The term “complementary strand”, as is used herein in the context of gRNA, refers to a target nucleic acid strand that is substantially complementary to, i.e. can base pair with, the spacer sequence of the gRNA. The complementary strand will base pair with, and bind to, the gRNA. Said complementary strand is either a target single stranded molecule, or one of the strands of a double stranded target molecule. In the latter case, binding of the gRNA to the complementary strand will displace the non-complementary strand of the target molecule.

The term “protospacer adjacent motif (PAM)”, as is used herein, refers to an additional nucleic acid sequence that is present on the target nucleic acid and resides adjacent to the protospacer sequence. The PAM size and location varies by CRISPR system and is typically a 2- to 5-bp sequence that may be located upstream or downstream of the protospacer motif. The presence of a PAM is required for unfolding of a double stranded target nucleic acid, such that the spacer sequence of a gRNA can find its complementary protospacer sequence on the target nucleic acid and base pair with it.

The term “cleavage-deficient”, as is used herein, refers to a Cas protein that is unable to cut the double stranded target nucleic acid. In the context of base-editing a double stranded target nucleic acid (dstna) molecule, the term refers to an enzyme that is not able to digest a dstna molecule, i.e. cut both strands of a dstna molecule. A cleavage deficient Cas may generate a nick in a dstna molecule, i.e. cut only one of the strands of a dstna molecule. A nickase-active variant can be generated, for example, by alanine substitution of an aspartate residue (D10A) of Cas9, producing a nick on the targeting strand, while the H840A alteration generates a nick on the non-targeting strand DNA (Jinek et al., 2012. Science 337: 816-821; Gasiunas et al., 2012. PNAS 109: E2579-E2586; Cong et al., 2013. Science 339: 819-823; Mali et al., 2013. Nature Biotech 31: 833-838). A R1138A mutant of LbCas12a and AsCas12a functions as a nickase ((Yamano et al., 2016. Cell 165: 949-62). Another existing nickase variant includes a FnCas12a K1013G/R1014G double mutant which can cut only the non-target strand (WO 2019/233990). Nicking of the non-edited strand may increase to efficiency of base editing. As is known to a person skilled in the art, a cleavage-deficient Cas protein may be a naturally occurring Cas protein, optionally together with an inhibitor that inhibits (ds) cleavage activity, or a mutated Cas protein.

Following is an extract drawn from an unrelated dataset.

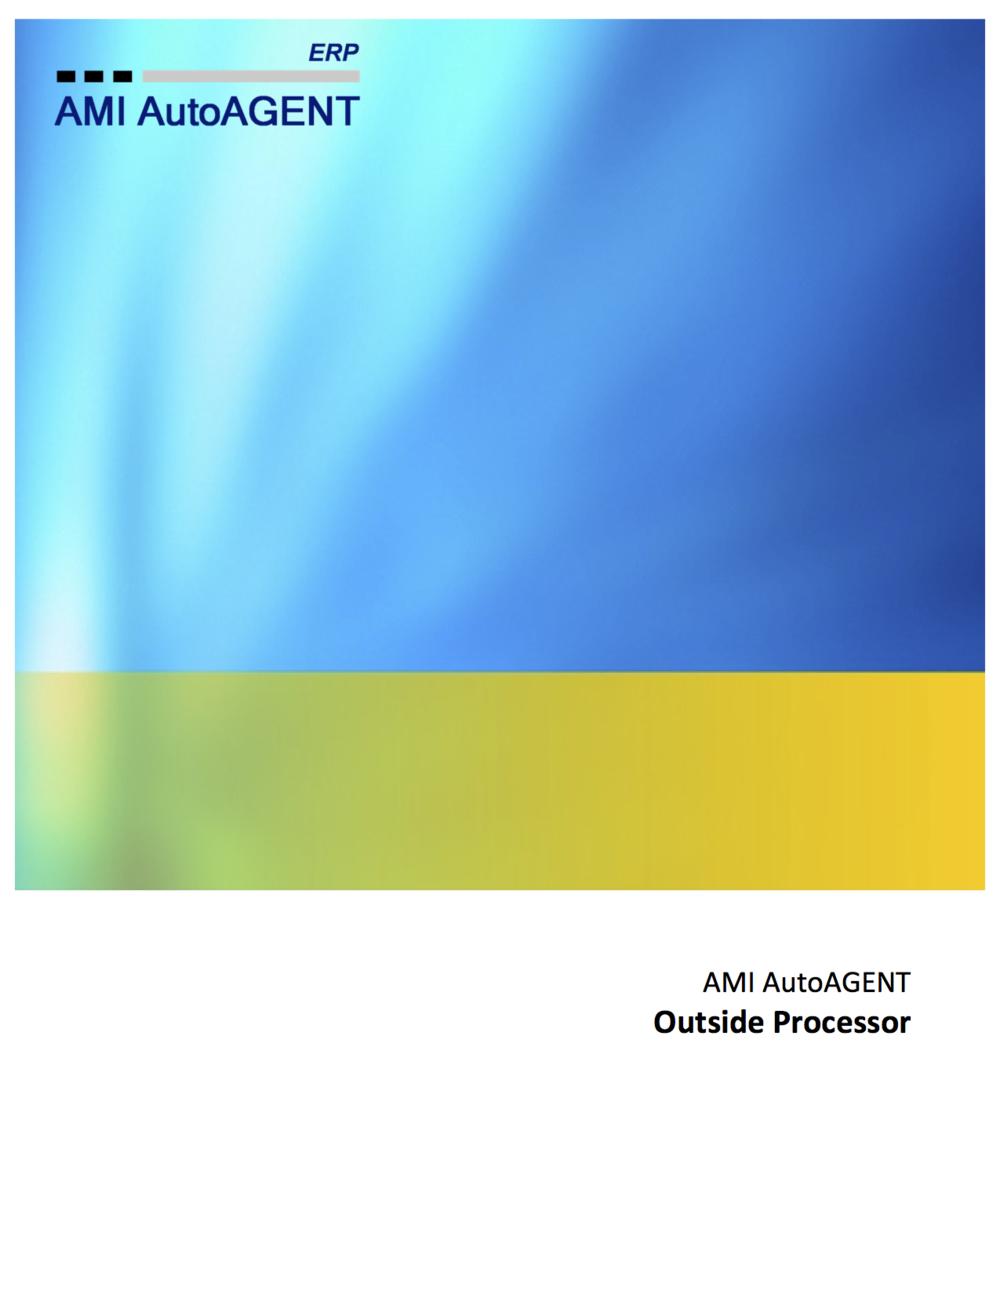 Outside Processor

Examples of known cleavage-deficient mutants Cas proteins are dCas9(D10A and H840A) (Perez-Pinera et al., 2013. Nature Methods 10: 973-976), Cas9(D10A) and Cas9(H840A) (Shen et al., 2014. Nature Methods 11: 399-402), and nCas9 (Zong et al., 2018. Nature Biotech 36: 950-953). A relevant mutant of MmuC2C4 is D385A (mutation of aspartic acid at position 485 to alanine), which may result in an RNase deficient caspase. An AsCas12F1 cleavage deficient mutant comprises the amino acid alteration D225A.

The term “C2c4 nuclease”, as is used herein, refers to a class 2, Type V Cas protein that, belonging to the uncharacterized subtype V-U1 (Shmakov et al., 2017. Nature Rev Microbiol 15: 169-182, which is hereby incorporated by reference). A C2c4 nuclease is sometimes also referred to as Cas12u1. C2c4 nucleases have been described in Mycolicibacterium mucogenicum and other organisms including other Mycolicibacterium species such as M peregrinum and M. conceptionense, Mycobacterium species such as M. lentiflavum and M. colombiense, Clostridiales bacterium, Gordonia otitidis, Meiothermus silvanus, Pelobacter propionicus and Nocardia species such as N. pseudovaccinii. A C2c4 Cas protein binds double stranded DNA and, akin to most type V proteins, recognizes a 5′-TTN-3′ PAM on dstna.

The term “Cas12F nuclease”, as is used herein, refers to a class 2, Type V Cas12 protein that may cut either single or double stranded DNA. In general, Cas12 proteins are about 1,300 amino acids long. Cas12F proteins are on average about 500 amino acids long, and range from 422 amino acids to 603 amino acids (Karvelis et al., 2020. Nucleic Acids Res 48: 5016-5023). Cas12F family members have been isolated from a distinct organisms, including several unclassified archeaebacteria, Parageobacillus thermoglucosidasius, Acidibacillus sulfuroxidans, Ruminococcus spp., Syntrophomonas palmitatica, and Clostridium novyi (Karvelis et al., 2020. Nucleic Acids Res 48: 5016-5023, which is hereby incorporated by reference).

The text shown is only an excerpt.